I thought it would be nice to mark pieces I give to friends and family with a branding iron so I set about making one. It's pretty rough and ready but here you go if anyone's interested:

Bought a cheap set of letter stamps - £6 this set but sure you can find cheaper:




On this set I needed to grind a flat on the sides of the stamps. Used a similiar setup to how you'd grind a fresh edge on a scraper:




Ready for silver soldering / silver brazingwhatever you want to call it:




It's not pretty but still getting the hang of this!
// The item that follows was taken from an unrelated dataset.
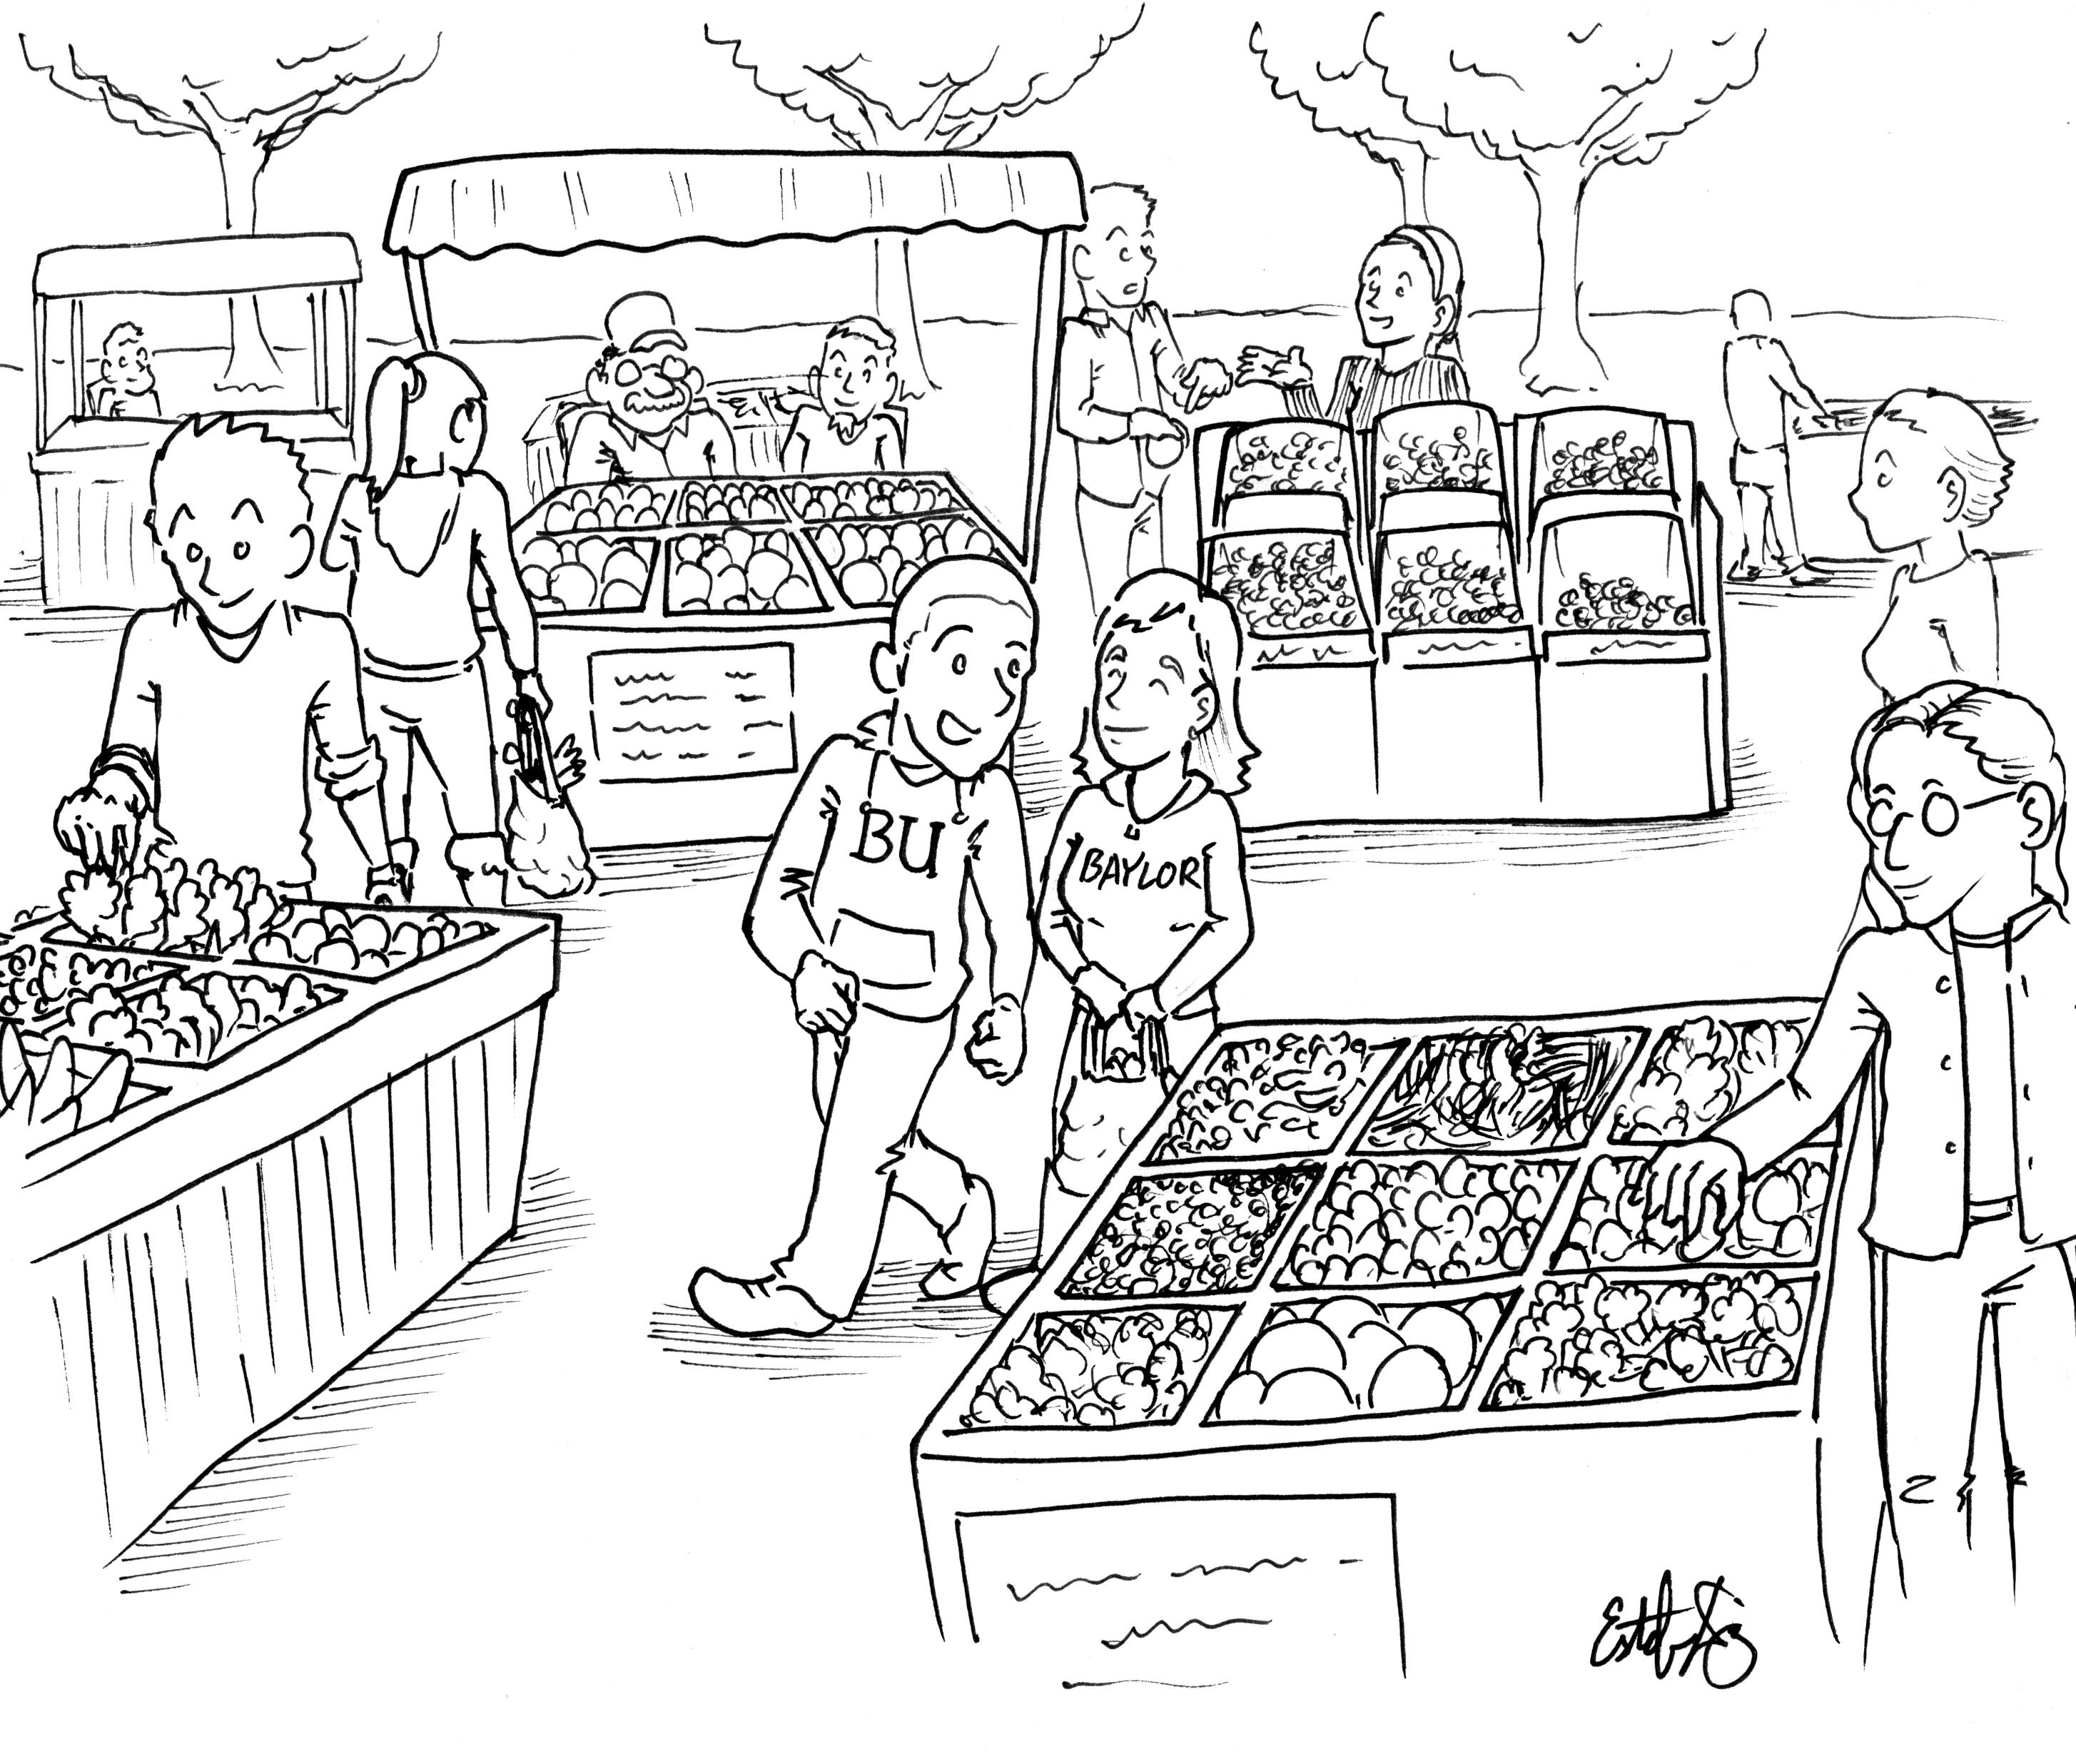 Editorial Farmers Market Brings Much Needed Fresh Food

Using the assembled stamp in non-branding iron mode:




Silver soldering to a scrap piece from my recently fitted Ikea kitchen (a hacked off towel rail):




Finished:







And end result on a scrap piece of Ash:




It works well - I heat it up for less than a minute with my MAPP torch. Would be better if the attachment bit was held vertically but did it quickly and used what I had available.

Cheers

Gidon


----------



## PowerTool (31 Mar 2008)

Finished result looks good,thanks for all the pictures.  

Andrew


----------



## gidon (1 Apr 2008)

Thanks Andrew - does the job.
Cheers
Gidon


----------



## OPJ (1 Apr 2008)

That's a nice idea. I guess it could save a bit of time and you won't have to spend ages looking for certain letters, or picking out the wrong ones! I bet it's also a lot harder to lose this one too. :wink:


----------



## Philly (1 Apr 2008)

Gidon
Great idea - well executed!
Philly


----------



## gidon (2 Apr 2008)

Thanks chaps. Also Olly I wouldn't trust myself lining up 500 degree stamps properly!
Cheers
Gidon


----------



## paultnl (6 Nov 2011)

Is it just me or are the pictures missing.


----------



## johnf (6 Nov 2011)

Where are the pics


----------



## beech1948 (6 Nov 2011)

Yup...no pics visible.
Thank god it's not just me.

Al


----------



## MickCheese (6 Nov 2011)

The original thread is 3½ years old so I assume the photo's were hosted on a photo site and they have now been removed.

Mick


----------